## REQUIRED WORK
Retyped exactly and without pictures, the lines from the one with "Meridian Township 2021-2022" through the end of the listing must form the entire answer.

## GIVEN DATA

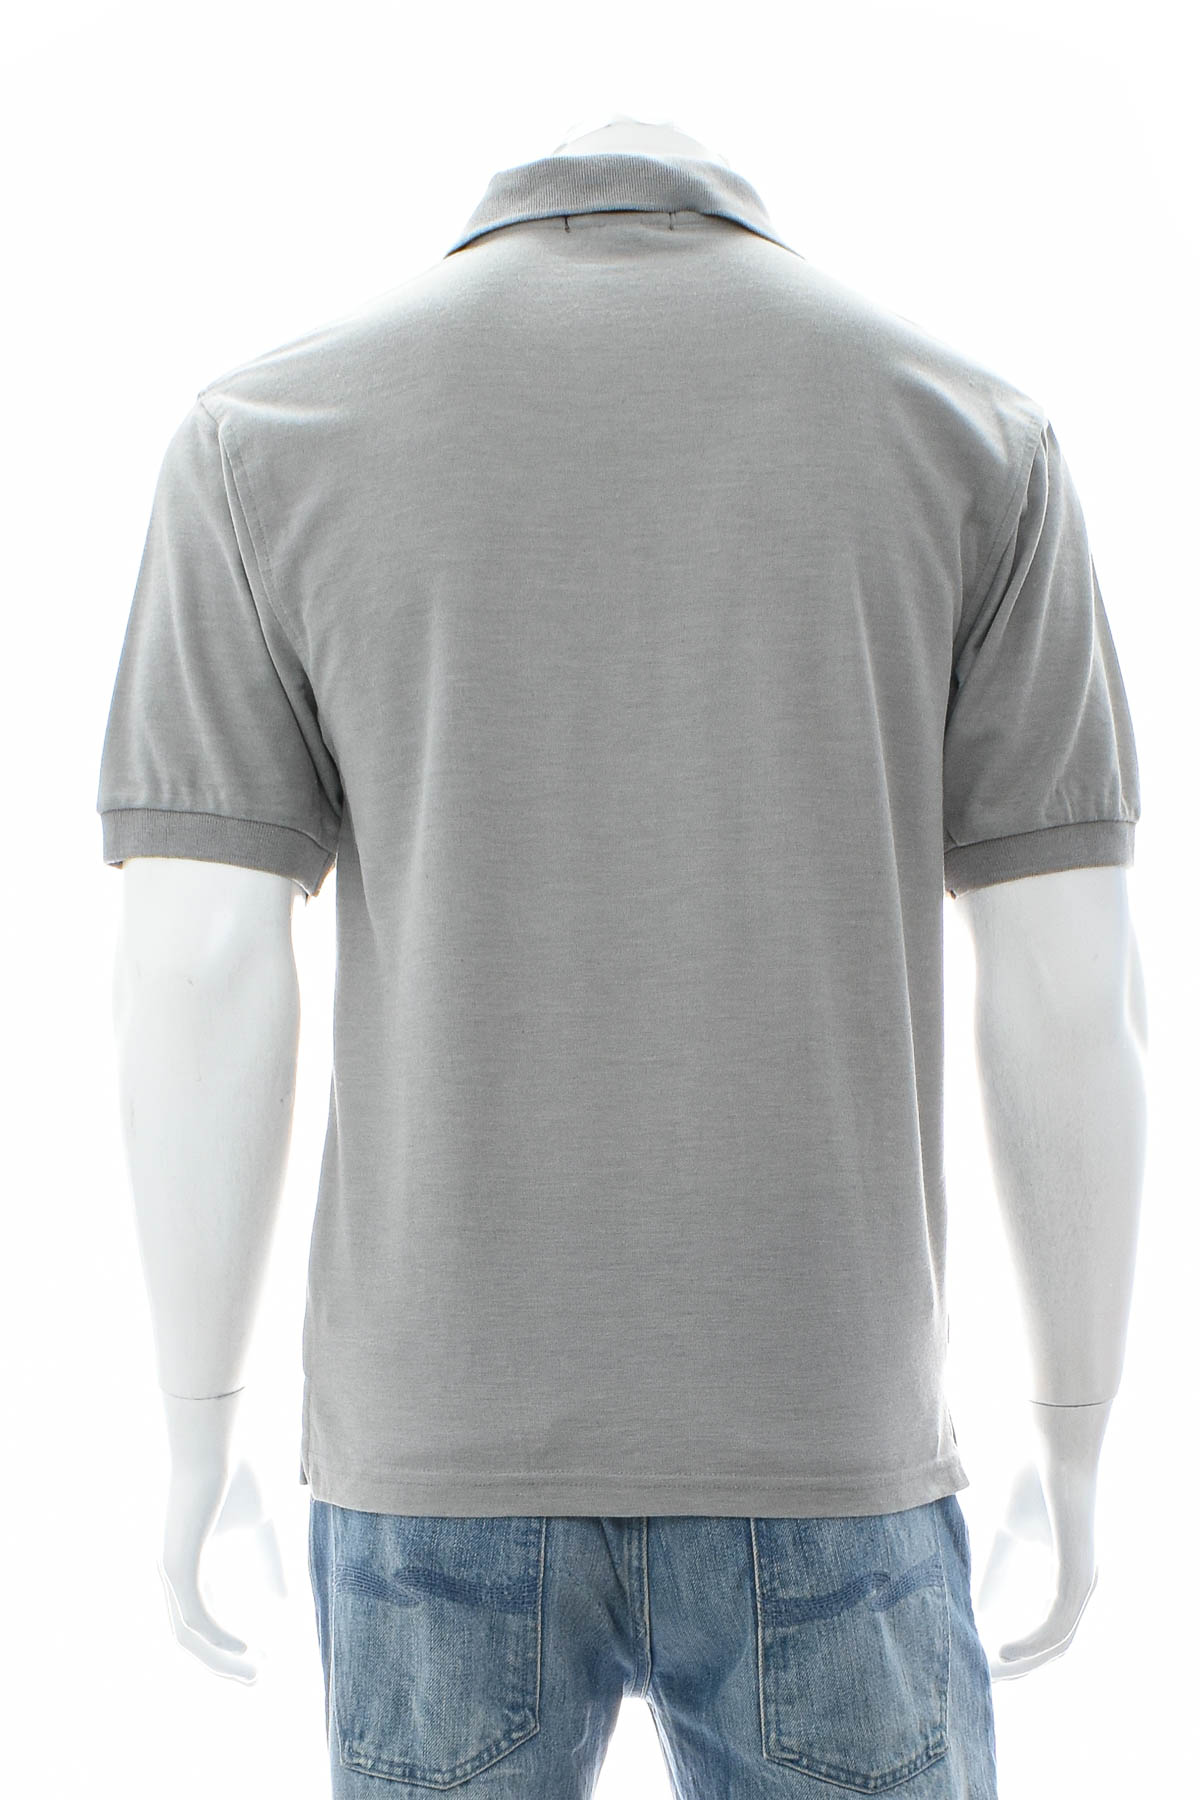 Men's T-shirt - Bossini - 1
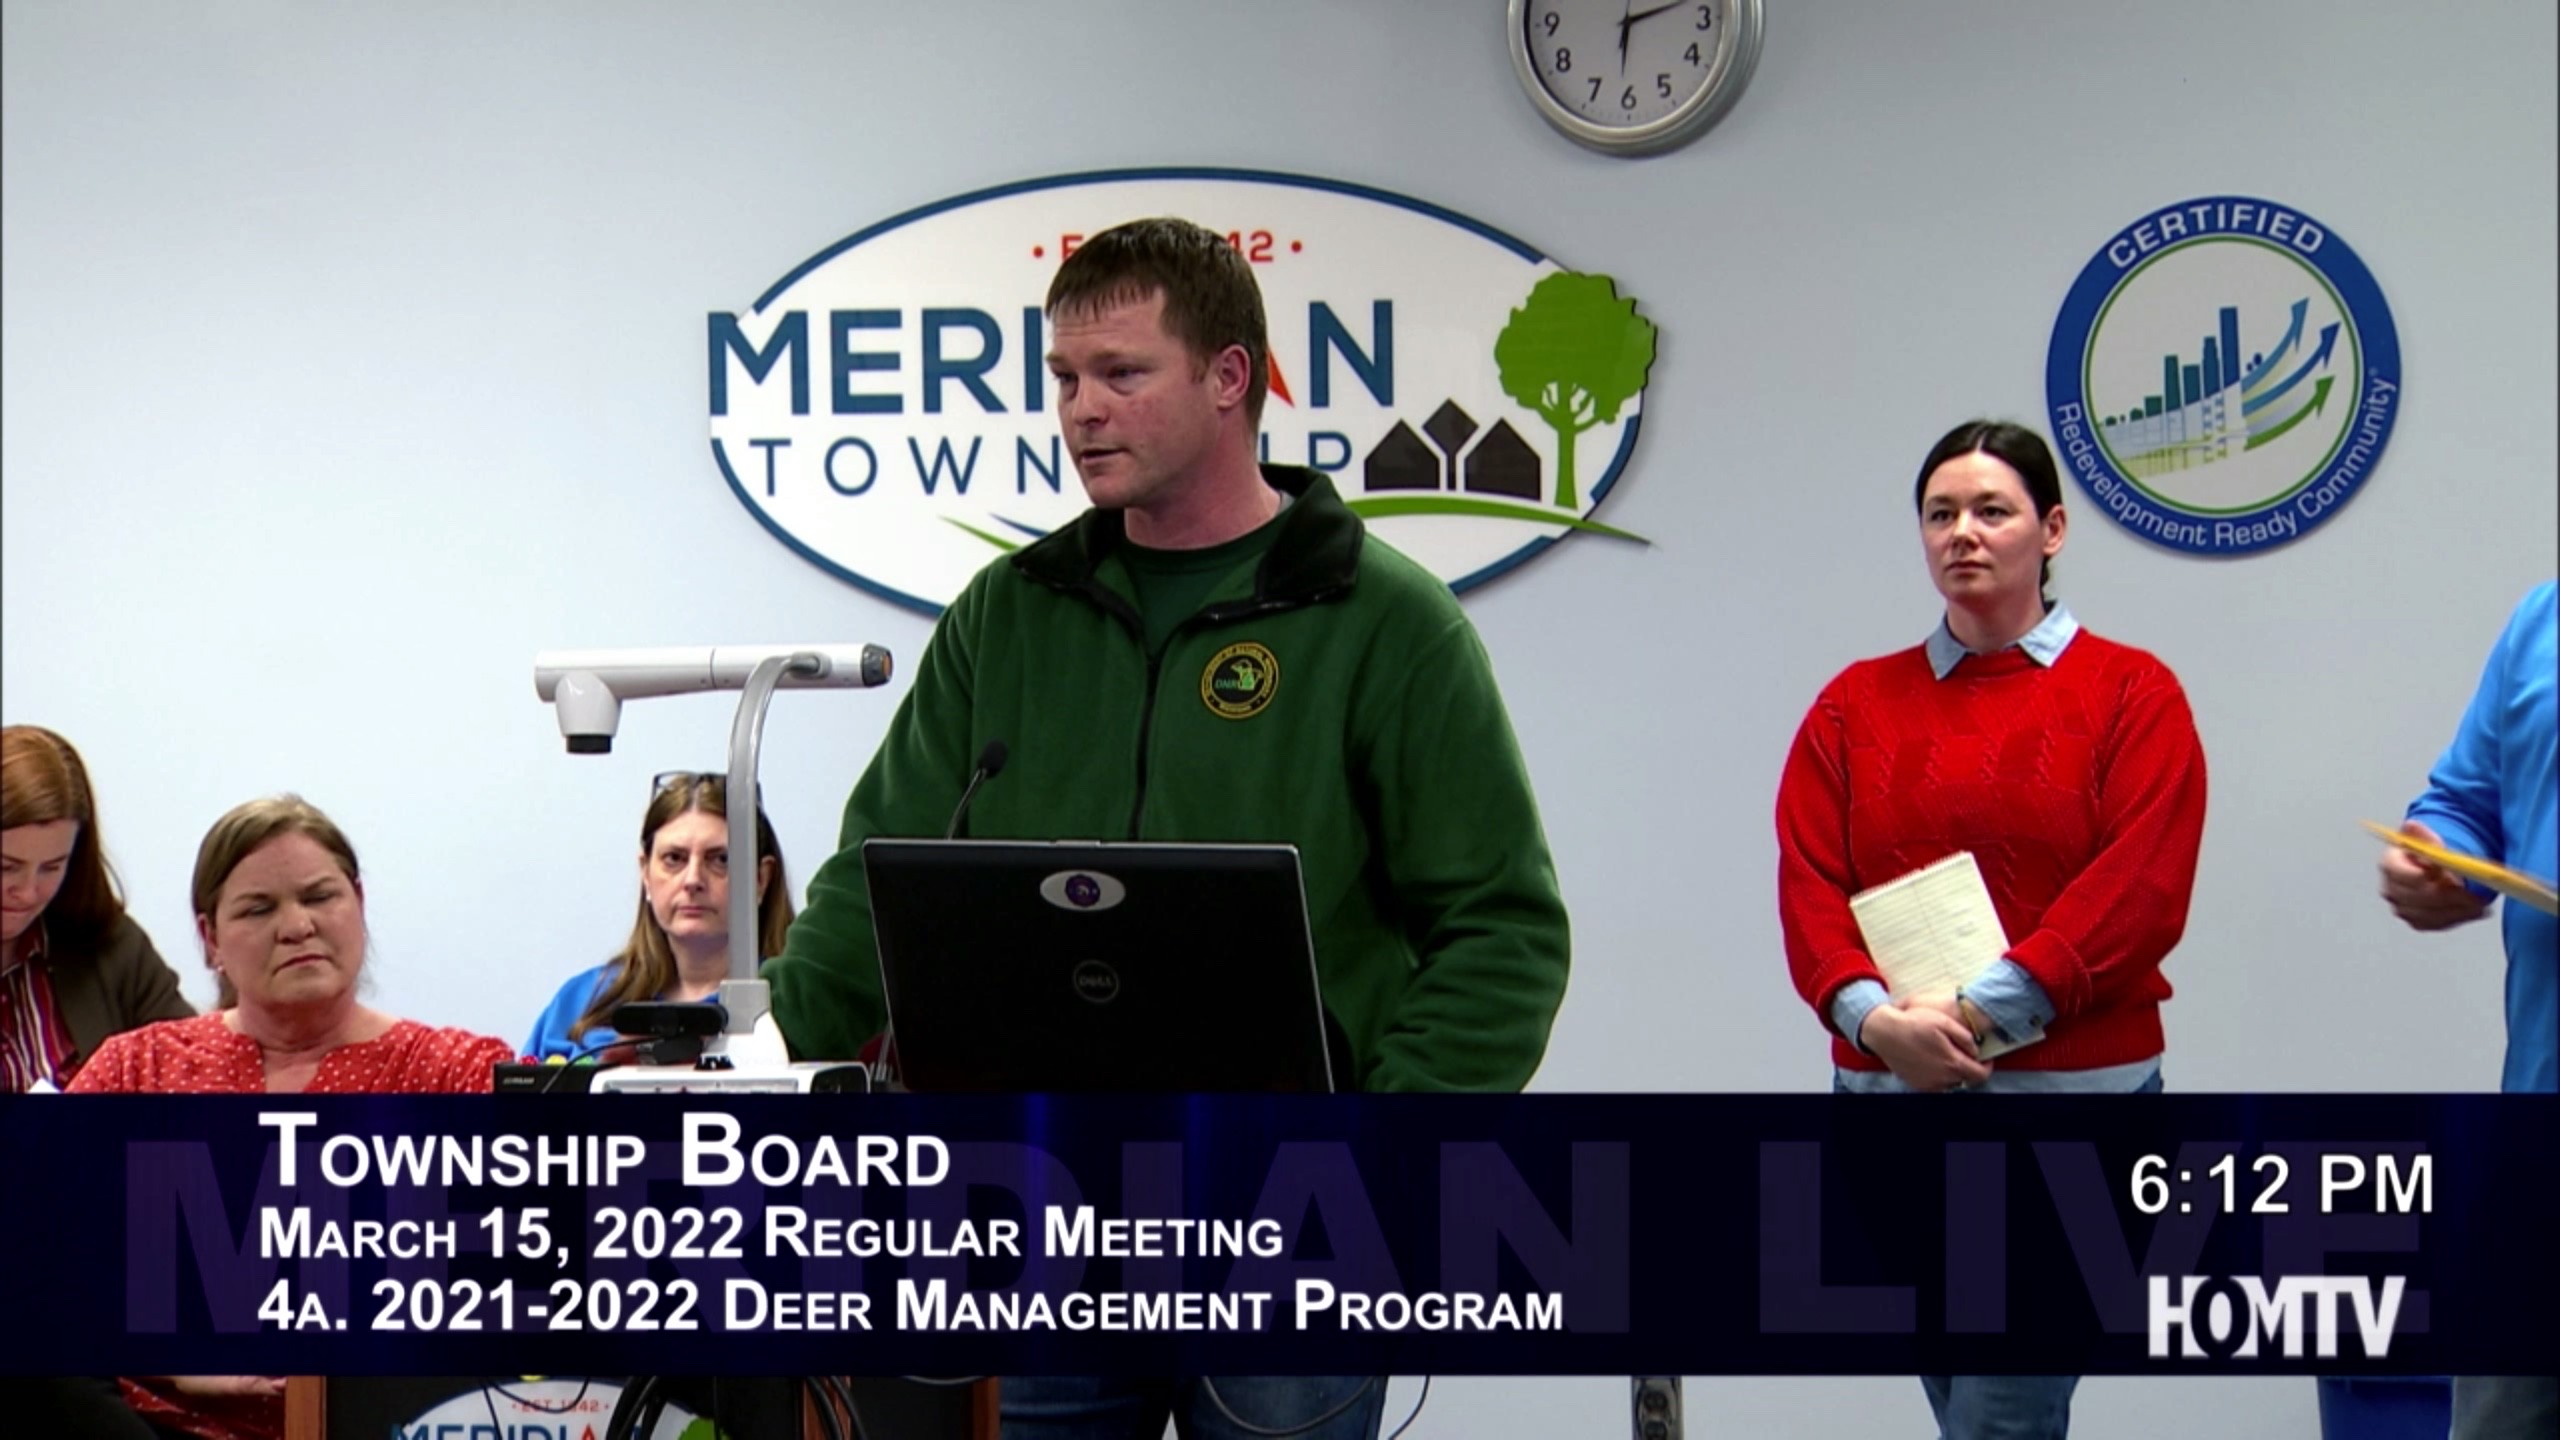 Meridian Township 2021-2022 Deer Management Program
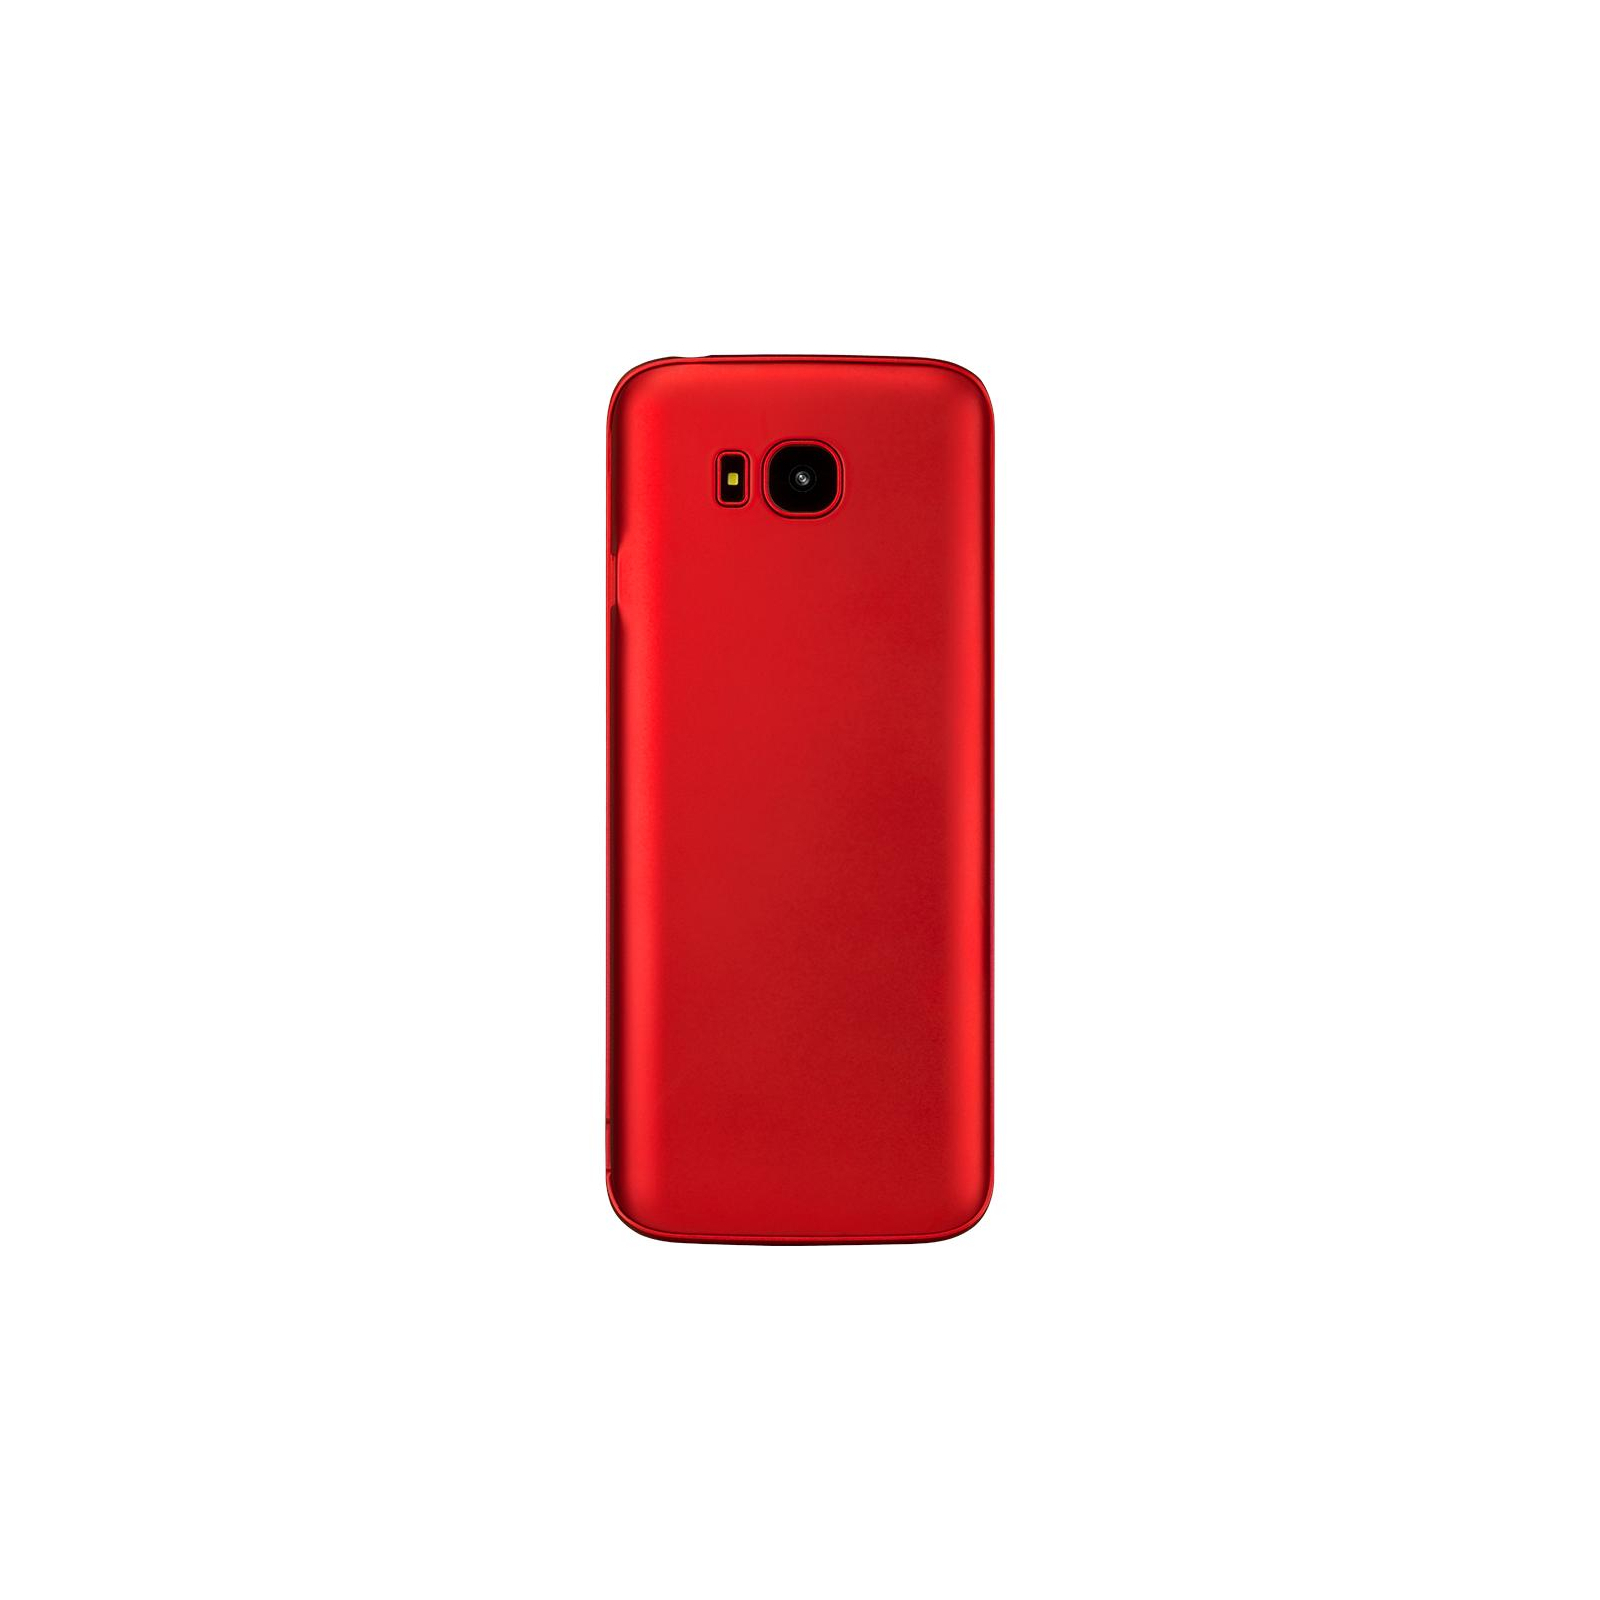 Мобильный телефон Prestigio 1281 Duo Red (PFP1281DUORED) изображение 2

## TASK RESPONSE
 Meridian Township 2021-2022 Deer Management Program
 Мобильный телефон Prestigio 1281 Duo Red (PFP1281DUORED) изображение 2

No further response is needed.